In contrast to the original MK scheme, the calculation of CHELPG charges involve grid points directly outside the van der Waals molecular volume, and since the electrostatic potential is here large, these points will be important for the minimization of the Lagrangian. We note that there is no universal grid-point choice that can be considered best for all situations.
Python script
import veloxchem as vlx
xyz_str = """6
Methanol
H 1.2001 0.0363 0.8431
C 0.7031 0.0083 -0.1305
H 0.9877 0.8943 -0.7114
H 1.0155 -0.8918 -0.6742
O -0.6582 -0.0067 0.1730
H -1.1326 -0.0311 -0.6482
"""
molecule = vlx.Molecule.read_xyz_string(xyz_str)
basis = vlx.MolecularBasis.read(molecule, "6-31G*")
esp_drv = vlx.RespChargesDriver()
esp_drv.grid_type = "chelpg"
esp_drv.equal_charges = "1=3, 1=4"
chelpg_charges = esp_drv.compute(molecule, basis, "esp")
Charge comparison#
The localized charges for methanol in the examples above become:
Atom ESP charge RESP charge CHELPG charge
--------------------------------------------------------
H 0.023220 -0.031030 0.003200
C 0.148458 0.030609 0.225480
H 0.023220 0.159303 0.003200
H 0.023220 -0.612997 0.003200
O -0.594785 0.010376 -0.611345
H 0.376669 0.010376 0.376265
--------------------------------------------------------
Total: 0.000000 0.000000 -0.000000
LoProp charges and polarizabilities#
The LoProp approach [GLKarlstrom04] is implemented for the determination of localized (atomic) charges and polarizabilities that enter into polarizable embedding calculations of optical spectra.
Python script
import veloxchem as vlx
molecule = vlx.Molecule.read_molecule_string(
"""
O 0.0000000 0.0000000 -0.1653507
H 0.7493682 0.0000000 0.4424329
H -0.7493682 0.0000000 0.4424329
"""
)
basis = vlx.MolecularBasis.read(molecule, "ANO-S-VDZP")

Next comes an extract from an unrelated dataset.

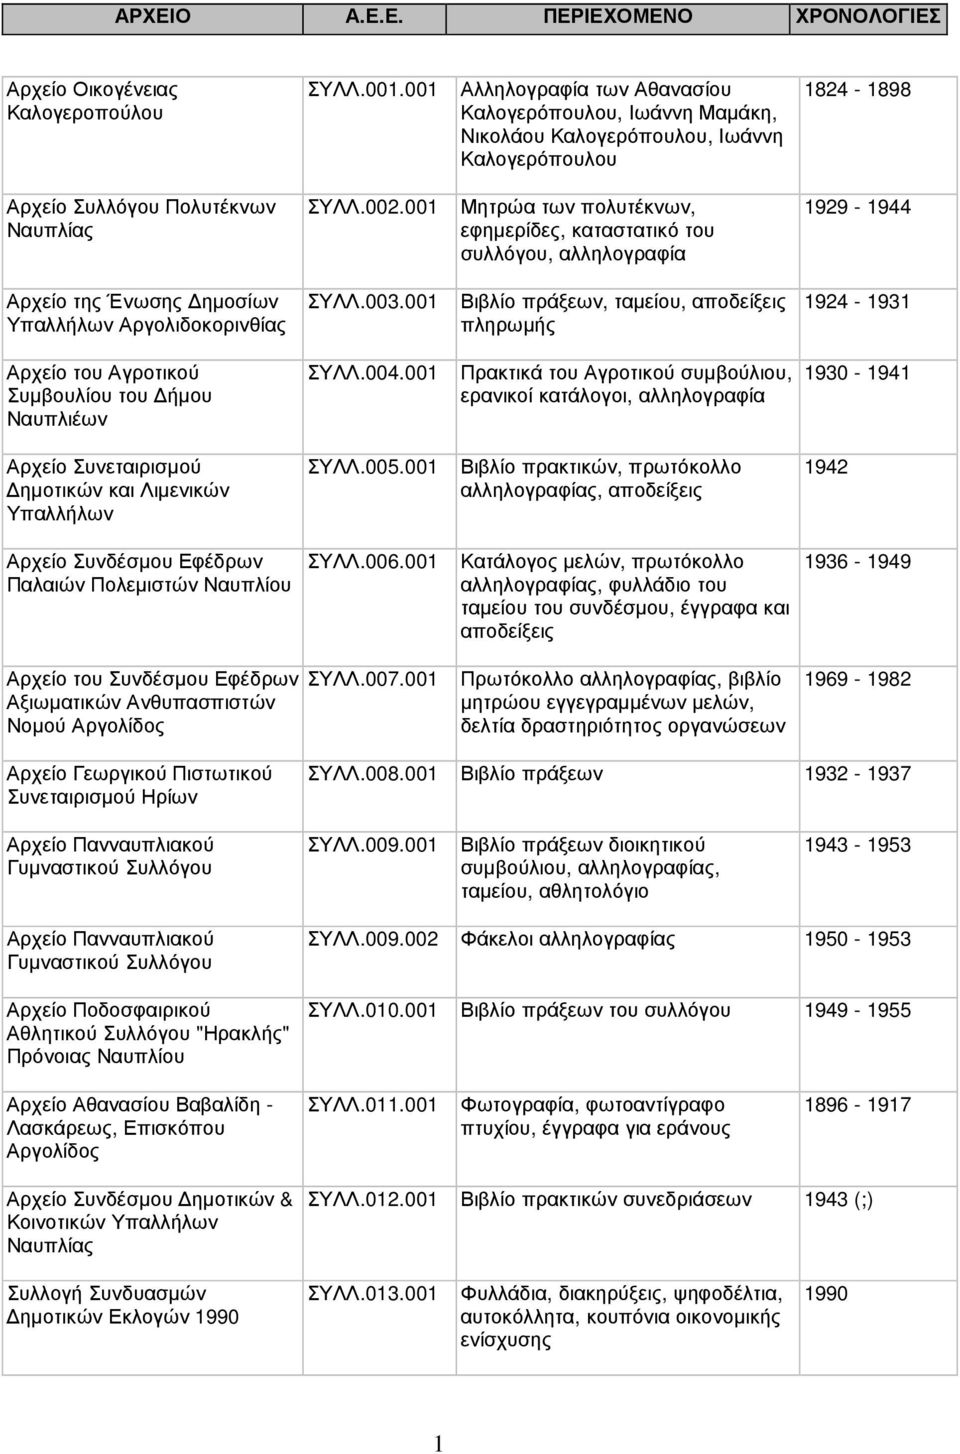 001 Αλληλογραφία των Αθανασίου Καλογερόπουλου, Ιωάννη Μαµάκη, Νικολάου Καλογερόπουλου, Ιωάννη Καλογερόπουλου ΣΥΛΛ.002.

scf_drv = vlx.ScfRestrictedDriver()
scf_results = scf_drv.compute(molecule, basis)
loprop_drv = vlx.PEForceFieldGenerator()
loprop_results = loprop_drv.compute(molecule, basis, scf_results)
This calculation gives the following results.
LoProp charges (a.u.):
O: -0.6777
H: 0.3388
H: 0.3388
LoProp polarizabilities (a.u.):
xx yy zz
O: 3.88 2.91 3.69
H: 1.84 1.21 1.57
H: 1.84 1.21 1.57
Download a Python script type of input file to calculate the LOPROP charges and atomic polarizabilities for the water molecule at the B3LYP/ANO-S-VDPZ level of theory.
Text file
@jobs
task: loprop
@end
@method settings
xcfun: b3lyp
basis: ANO-S-VDZP ! An ANO type of basis set should be used
@end
@molecule
charge: 0
multiplicity: 1
xyz:
...
@end
Download a text file the input file to calculate the LoProp charges and atomic polarizabilities for the water molecule at the B3LYP/ANO-S-VDPZ level of theory.